1st century Christian apostle and bishop

Rufus of Thebes (Ῥοῦφος ό Θηβαίος) is numbered among the Seventy Disciples in Eastern Orthodox tradition. He was bishop of Thebes in Greece, and according to some traditions is referenced in Romans 16:13. However, according to Easton's Bible Dictionary the Rufus in Romans 16 could well have been the Rufus mentioned in Mark.
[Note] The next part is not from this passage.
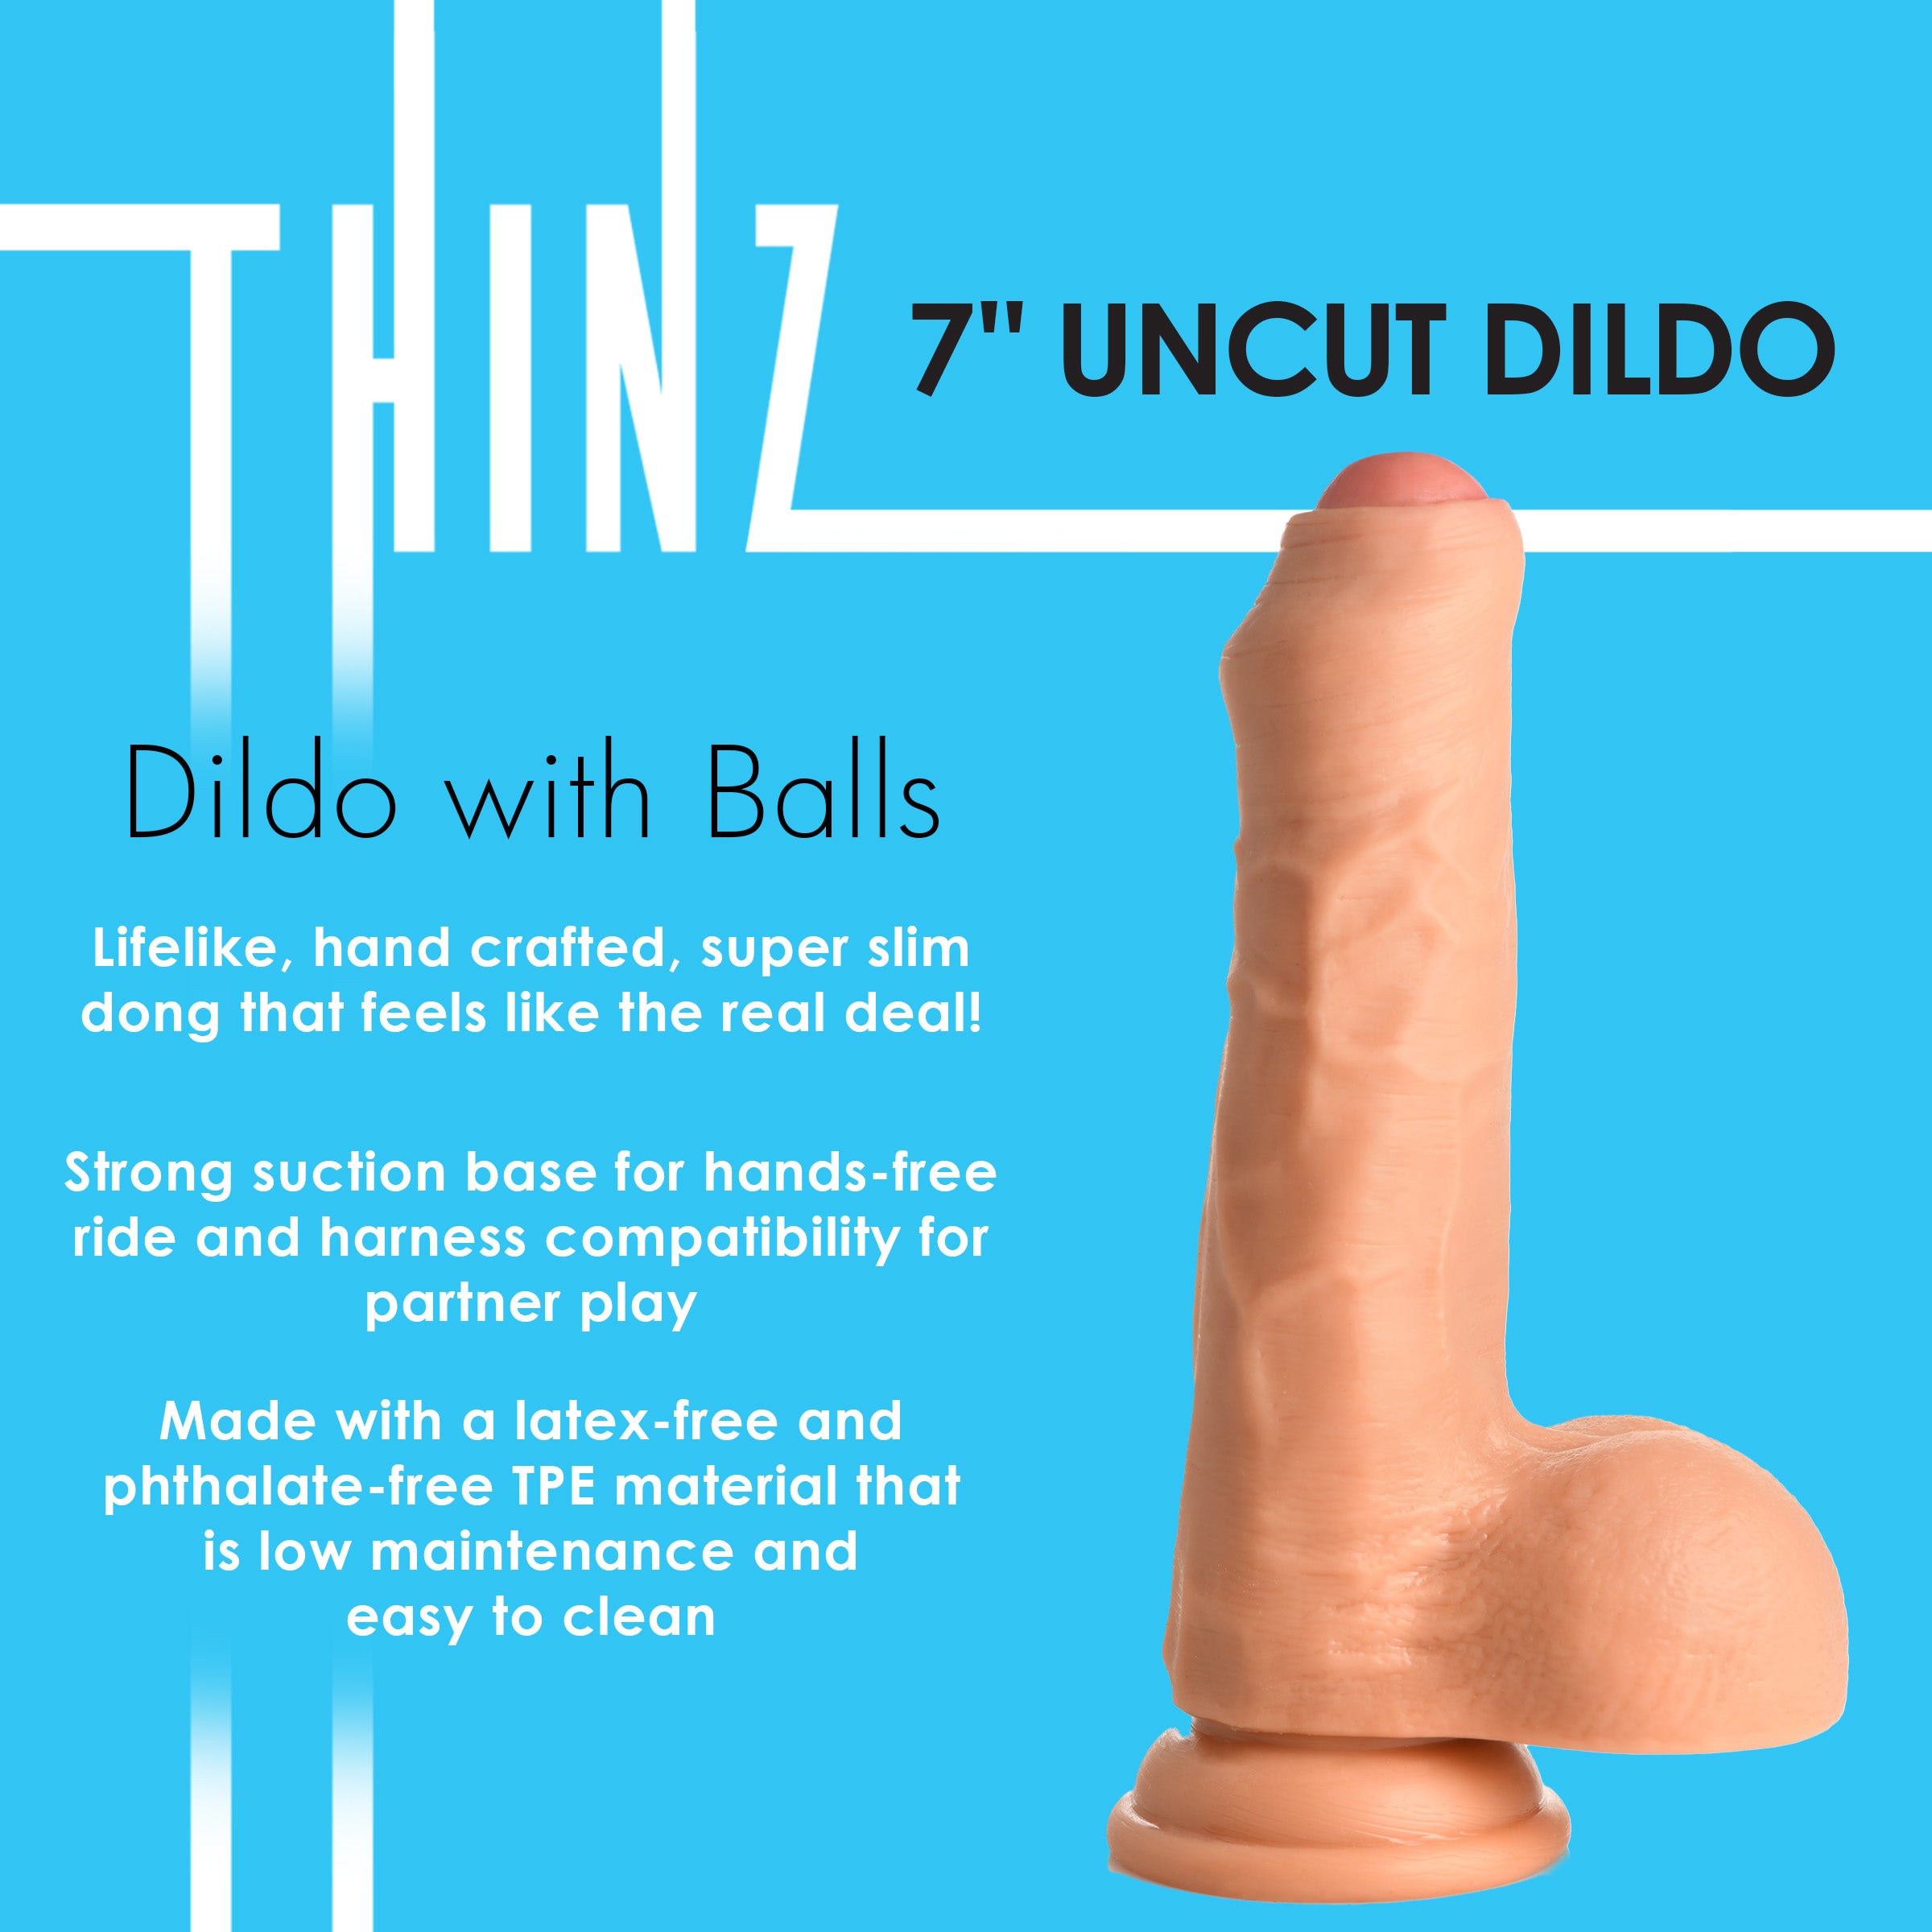 8 Inch uncut Dildo with Balls

His feast day is 8 April, and he is also commemorated on 4 January with the other Seventy Apostles.

==Hymns==
Troparion (Tone 1)
Let us praise in hymns the six–fold choir of Apostles:
Herodion and Agabus,
Rufus, Asyncritus, Phlegon and holy Hermes.
They ever entreat the Trinity for our souls!

Kontakion (Tone 2)
You became the disciples of Christ
And all-holy Apostles,
O glorious Herodion, Agabus and Rufus,
Asyncritus, Phlegon and Hermes.
Ever entreat the Lord
To grant forgiveness of transgressions
To us who sing your praises.

Kontakion (Tone 4)
Like stars, O holy Apostles,
You illumine the way of the faithful with the light of the Holy Spirit.
You dispel the darkness of error as you gaze on God the Word!